8.Advice of Independent Legal Counsel. The Company hereby advises Executive to consult with independent legal counsel prior to signing this Agreement. Executive acknowledges that Executive has had an adequate opportunity to do so.
9.Consideration Period. Executive has twenty-one (21) days from the date this Agreement is first presented to Executive to consider this Agreement before signing it. Executive may use as much or as little of such twenty-one (21) day period as Executive wishes before signing. If Executive does not sign, date and return this Agreement within such twenty-one (21) day period, Executive acknowledges that Executive will not be eligible to receive the Severance Amount described in Section 3.B. of this Agreement. Executive agrees that any non-material changes the Company may agree to make to this Agreement after first presenting it to Executive for Executive’s consideration will not restart the running of such twenty-one (21) day period.
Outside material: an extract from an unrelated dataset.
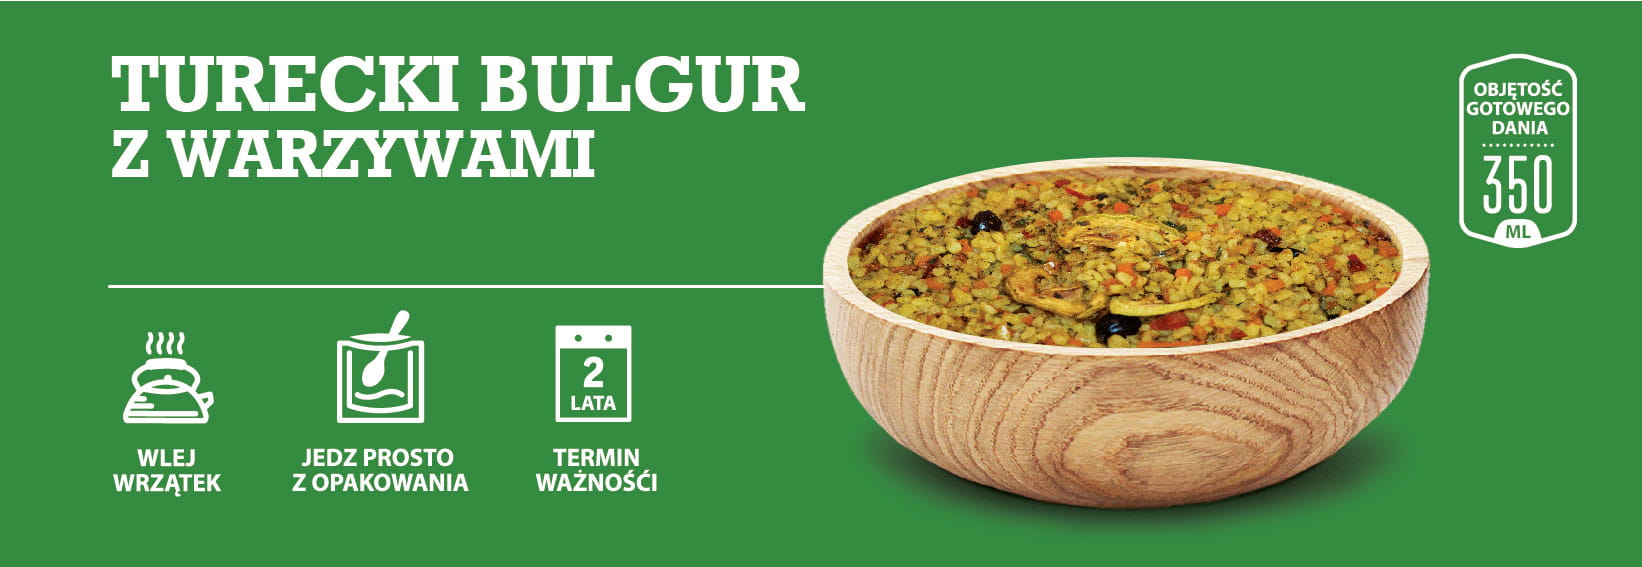 Turecki bulgur z warzywami

10.Revocation and Effective Date. Executive has seven (7) days after the date Executive signs this Agreement to revoke it (the “Revocation Period”). To revoke this Agreement after signing it and returning it to the Company, Executive must provide a written notice of revocation to the Company’s General Counsel before such seven (7) day period expires. This Agreement shall not become effective until the eighth (8th) day after the last date entered below (the “Effective Date”). If Executive revokes this Agreement, this Agreement shall not become effective or enforceable, and Executive will not receive the Severance Amount, or any other benefits provided for in this Agreement.
11.Trade Secrets and Confidential Information. Executive acknowledges and agrees that pursuant to the Executive Nondisclosure and Proprietary Information and Inventions Agreement (or similar confidentiality and/or inventions assignment agreement) executed between the Company and Executive, Executive has a continuing obligation to keep confidential and not to disclose or use, either directly or indirectly, for Executive or any other person or entity, any proprietary information of the Company, or client or customer information, or confidential information of the Company obtained by Executive during Executive’s employment with the Company. Executive acknowledges that all trade secrets and confidential information of the Company are and remain the exclusive property of the Company.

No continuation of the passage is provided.